> [Given entries]
_ _ _ _

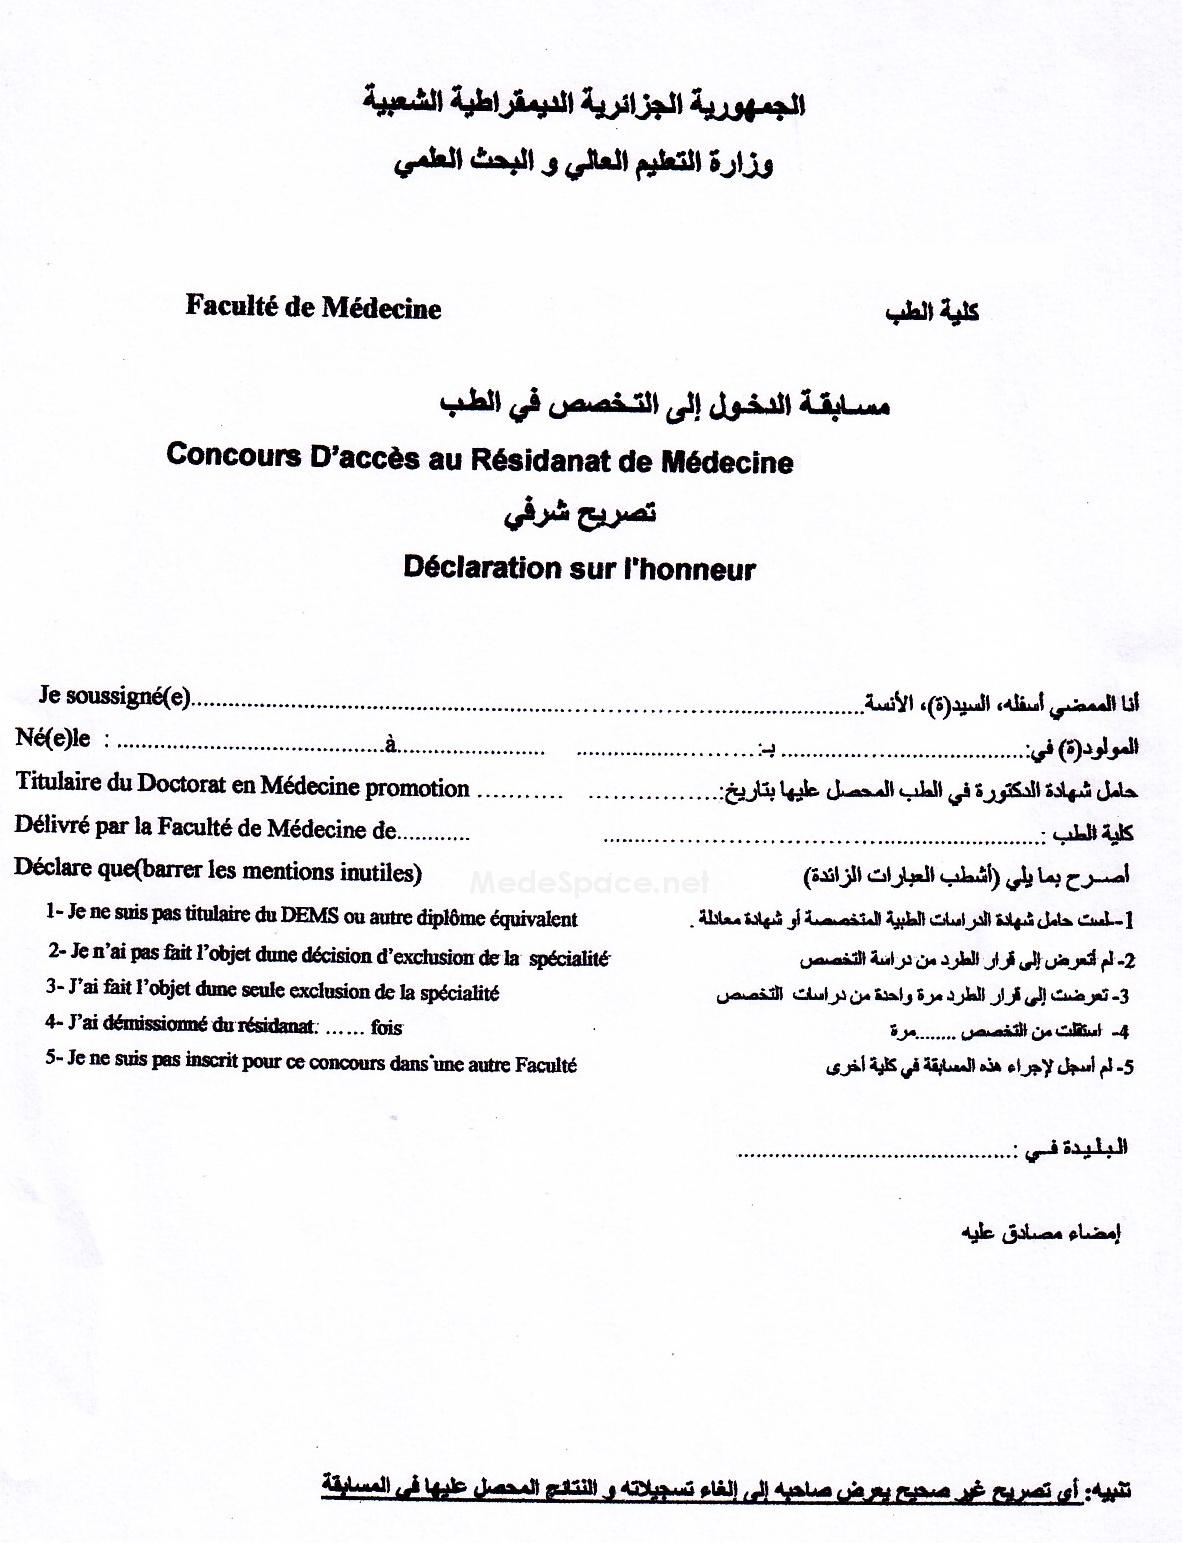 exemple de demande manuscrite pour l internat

_ _ _ _

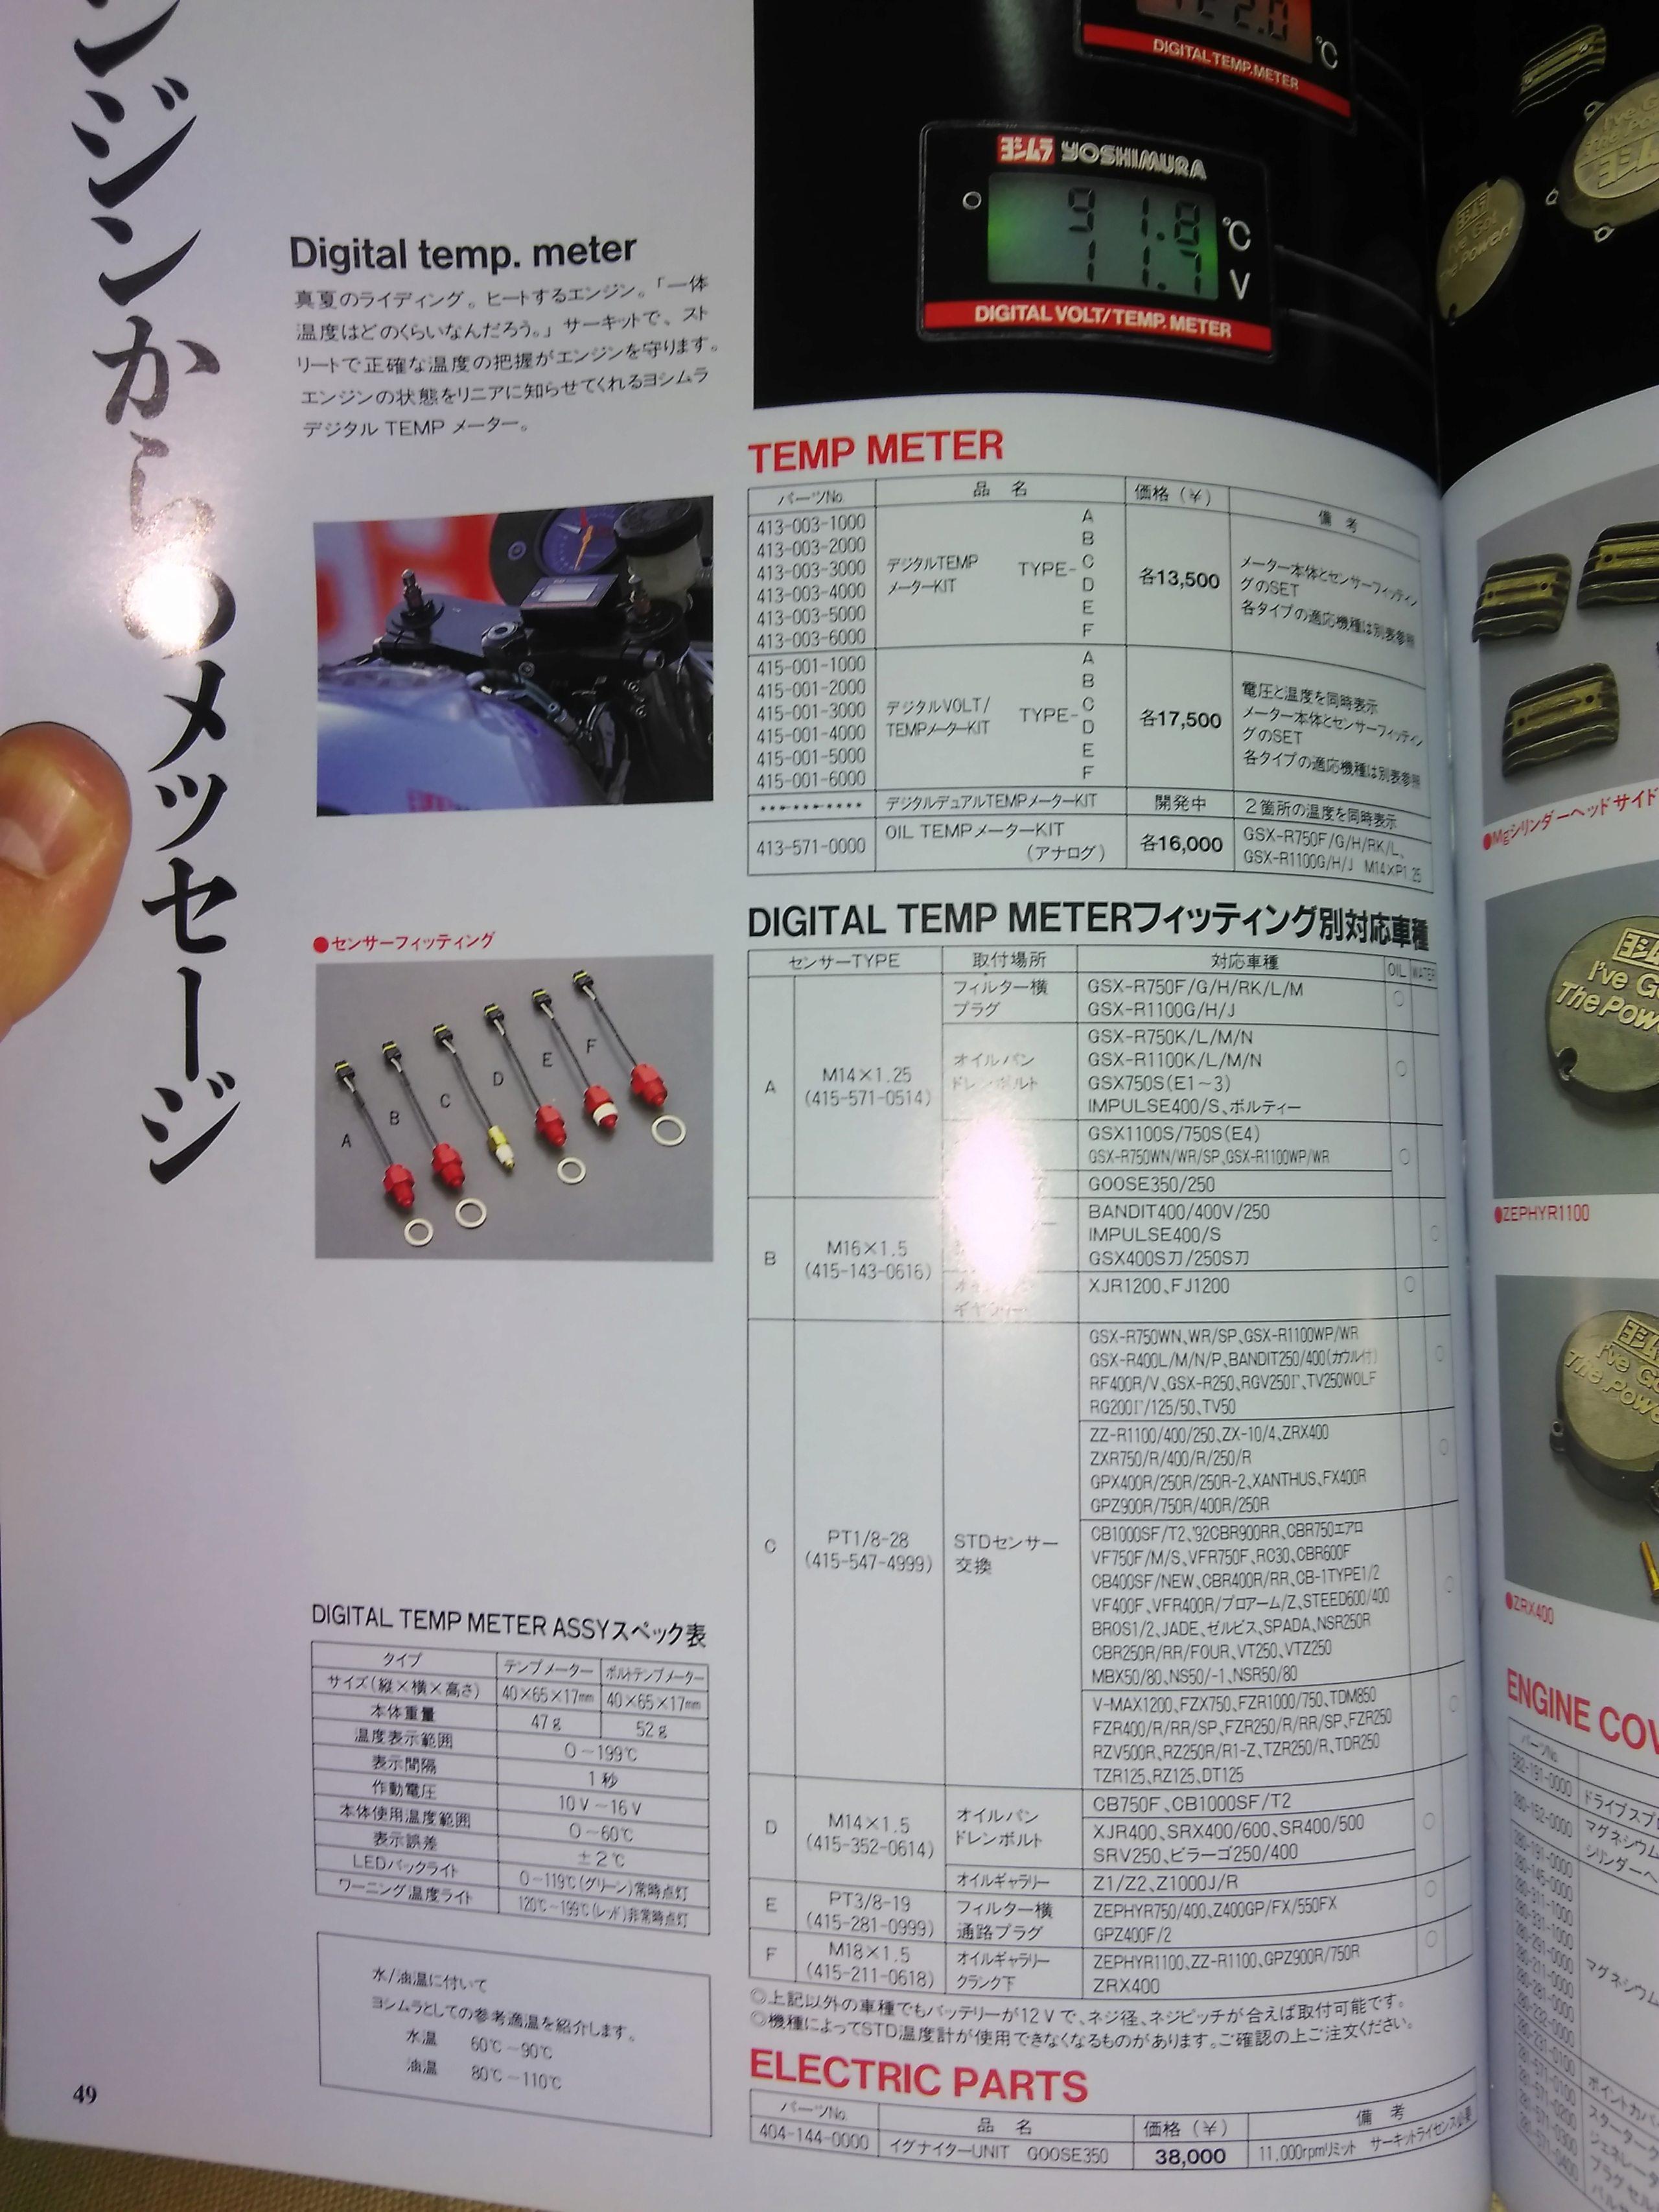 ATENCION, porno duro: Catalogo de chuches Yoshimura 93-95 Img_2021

_ _ _ _

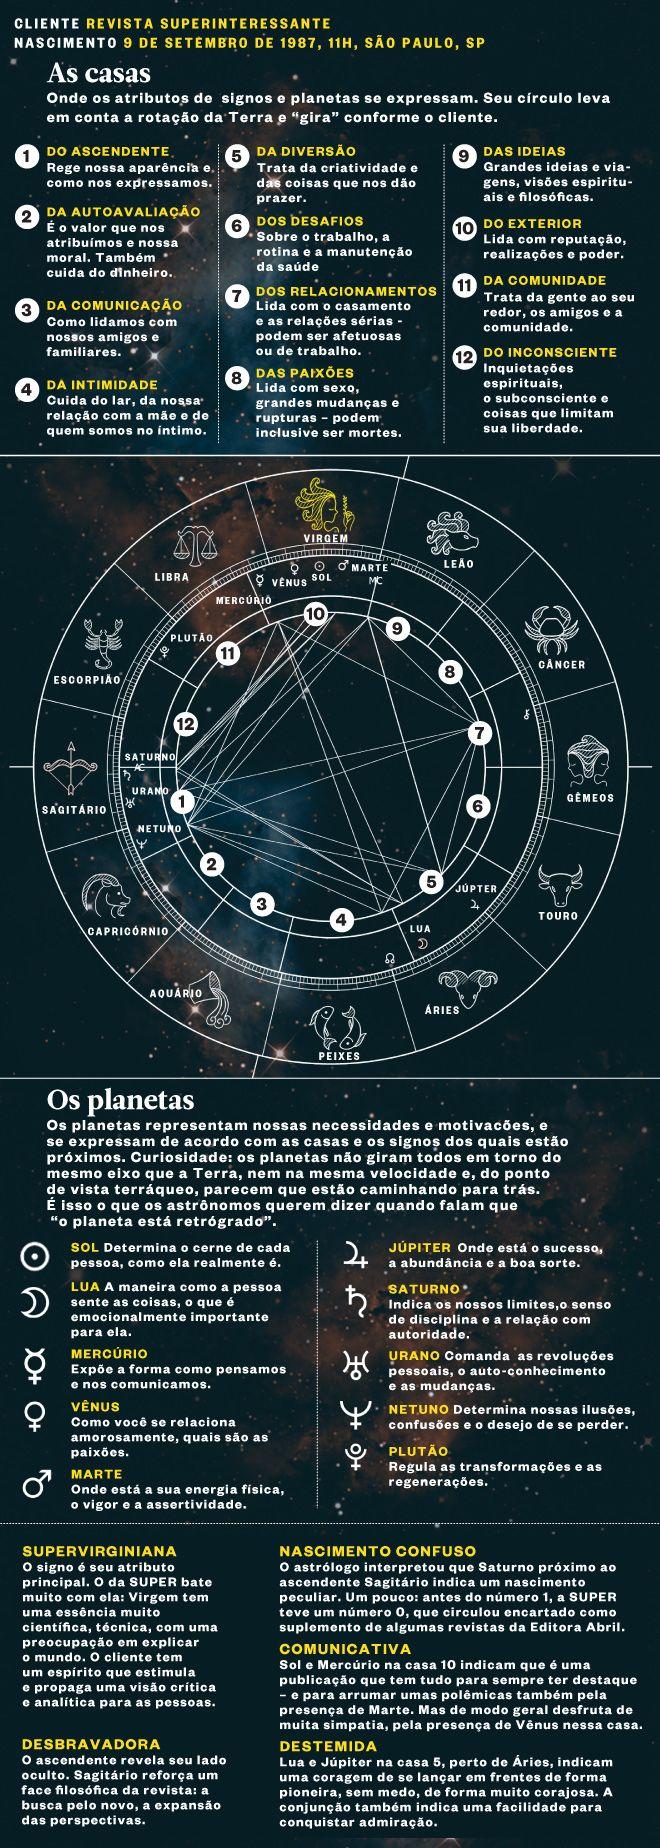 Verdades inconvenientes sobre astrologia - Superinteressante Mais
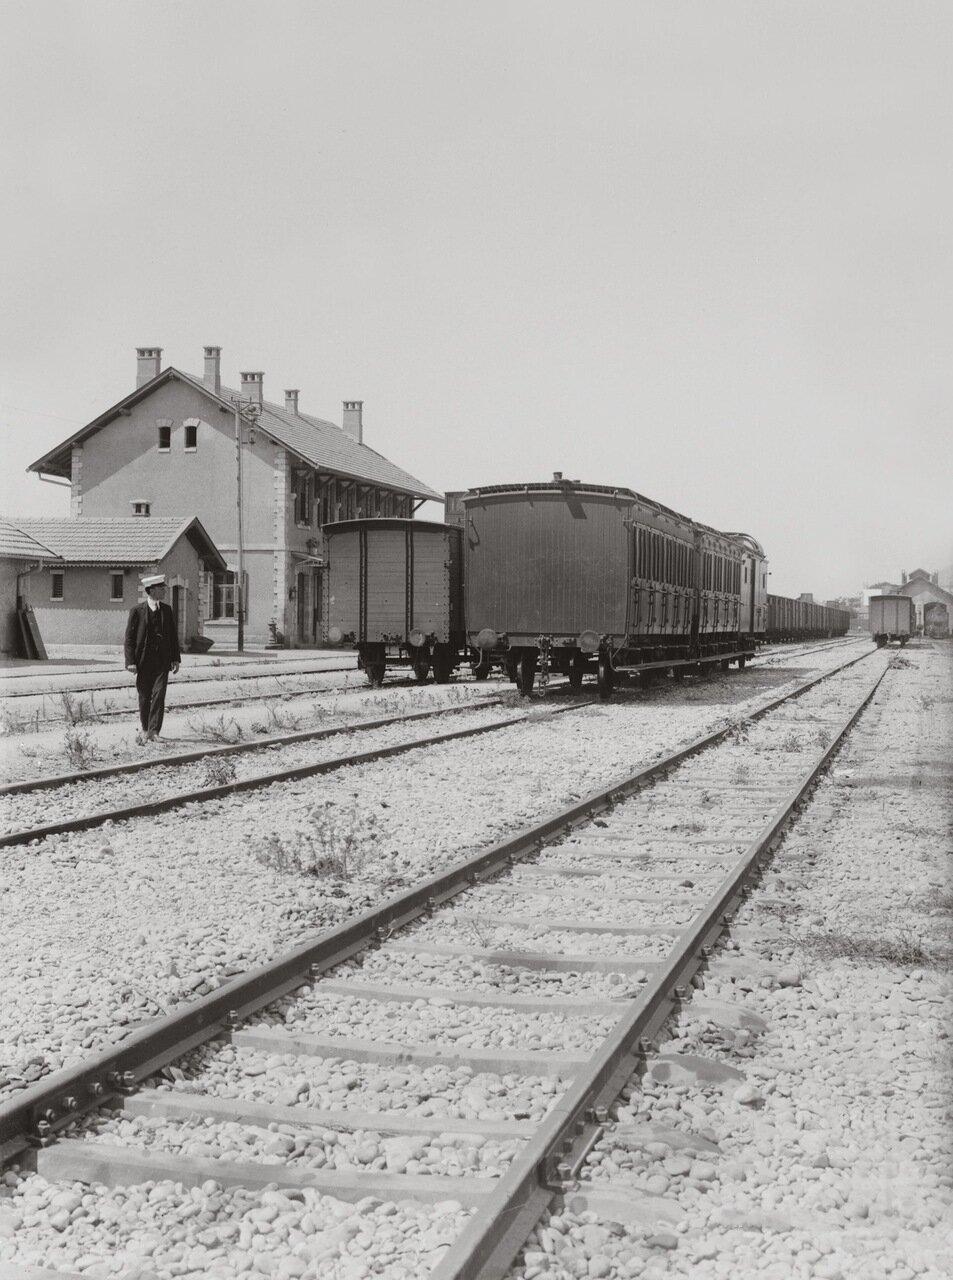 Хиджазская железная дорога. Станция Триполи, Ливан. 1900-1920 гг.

_ _ _ _

> [Exercise directions]
The reply should hold the entries above from the line with "Verdades inconvenientes sobre" to the line with "Хиджазская железная дорога.", duplicated exactly, pictures excluded.

> [Finished exercise]
 Verdades inconvenientes sobre astrologia - Superinteressante Mais
 Хиджазская железная дорога. Станция Триполи, Ливан. 1900-1920 гг.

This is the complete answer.